Page MenuHomePhabricator

Deploy Almanac v2 Changes to the Cluster
Closed, ResolvedPublic

Description

Log for cluster deployment of Almanac v2 API changes to the Phacility cluster.

I'm deploying some API changes to the cluster this morning. I anticipate this may involve about an hour of downtime. T10246 has more context and motivation.

These changes substantially impact how the cluster operates and are difficult to test exhaustively in a development environment, so I anticipate a possibility of encountering unforeseen issues that need to be corrected once they start reaching production services. This may result in more downtime than deploys usually require.

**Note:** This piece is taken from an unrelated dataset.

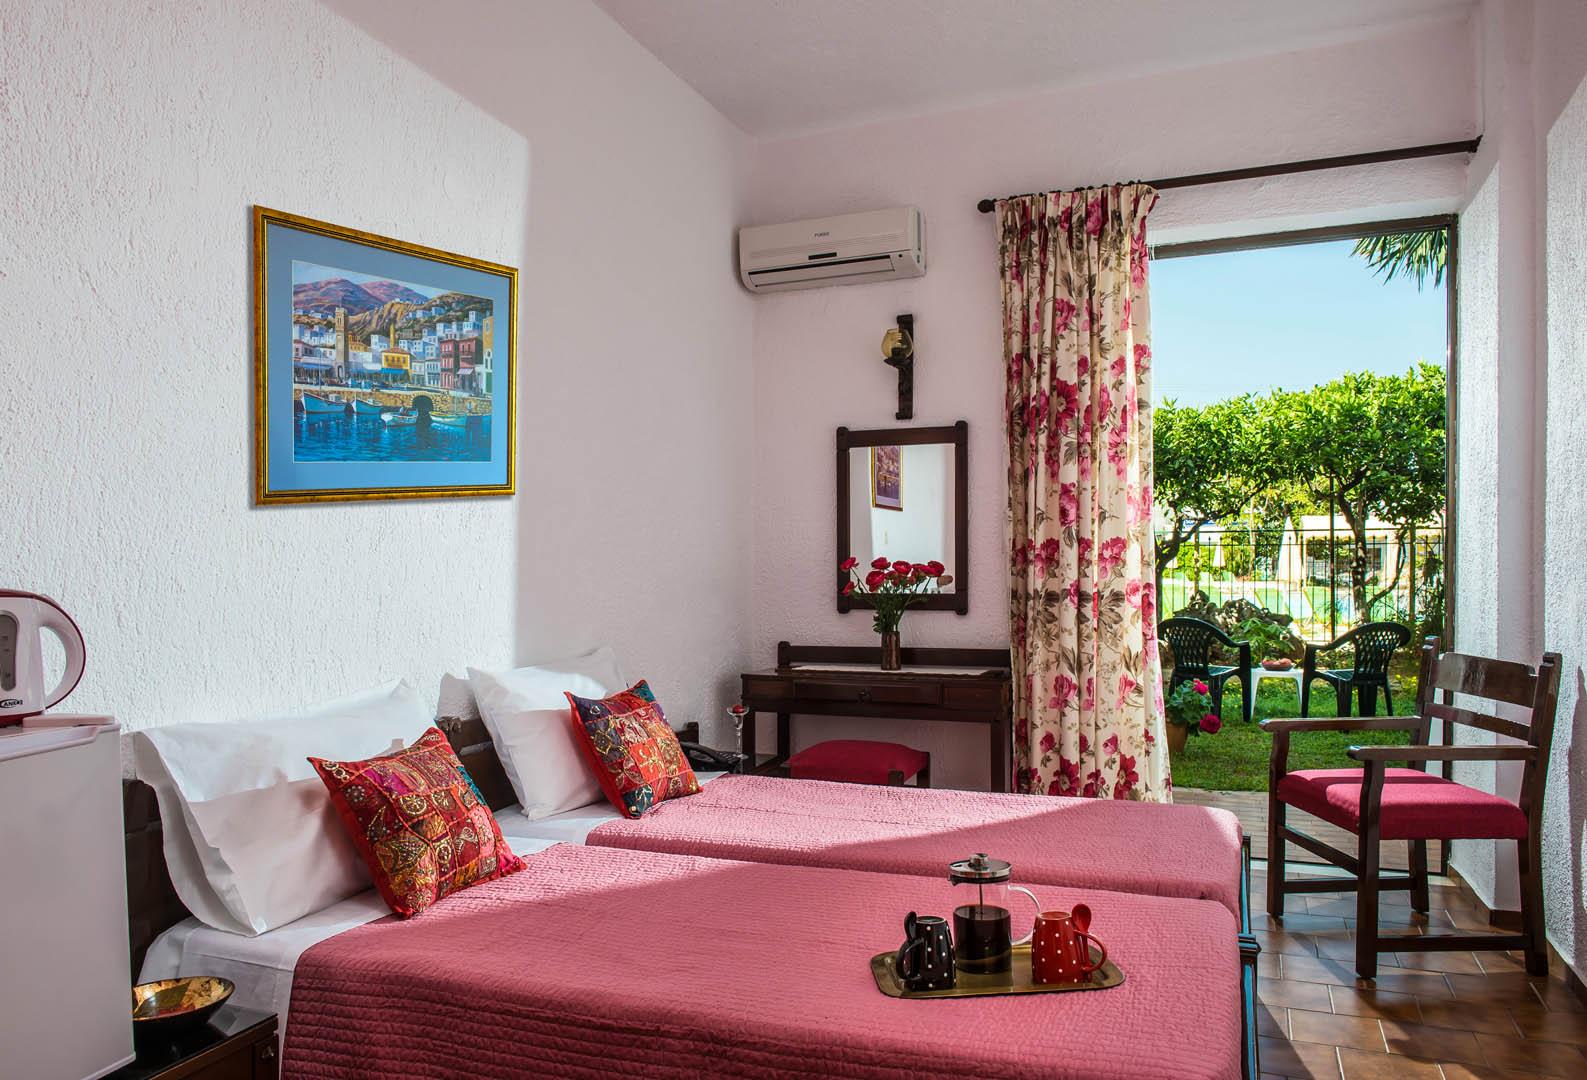 malia-holidays-rooms-1

If everything just works right away this will be an almost completely normal deployment (there are some minor migrations with configuration that need to be performed), but there's enough uncertainty in the production behavior of these changes that I expect to hit some minor issues and need to work through them before normal operation resumes.

Event Timeline

I'm getting this underway now. I'm going to preemptively stop all daemons, which will pause repository imports, outgoing mail, etc. They'll be restarted at the end of the process.

I've stopped the daemons. I'm going to stop the web tier, deploy admin, fix instance configuration, then deploy the web tier. I expect this to be the riskiest part of the upgrade.

  • I stopped web.
  • I deployed admin.
  • I manually removed now-invalid configuration from instances and from Alamanac properties.
  • I spot-checked instance/Almanac service relationships.
  • I spot-checked Almanac service properties.
  • I manually invoked almanac.service.search to look for issues, but everything looks good.

I'm going to deploy web now, then see if it comes back up without any help.

web is sort of back up, but needs the new schema to actually make any progress, so this isn't conclusive. I'm deploying the db tier now to get the new schema.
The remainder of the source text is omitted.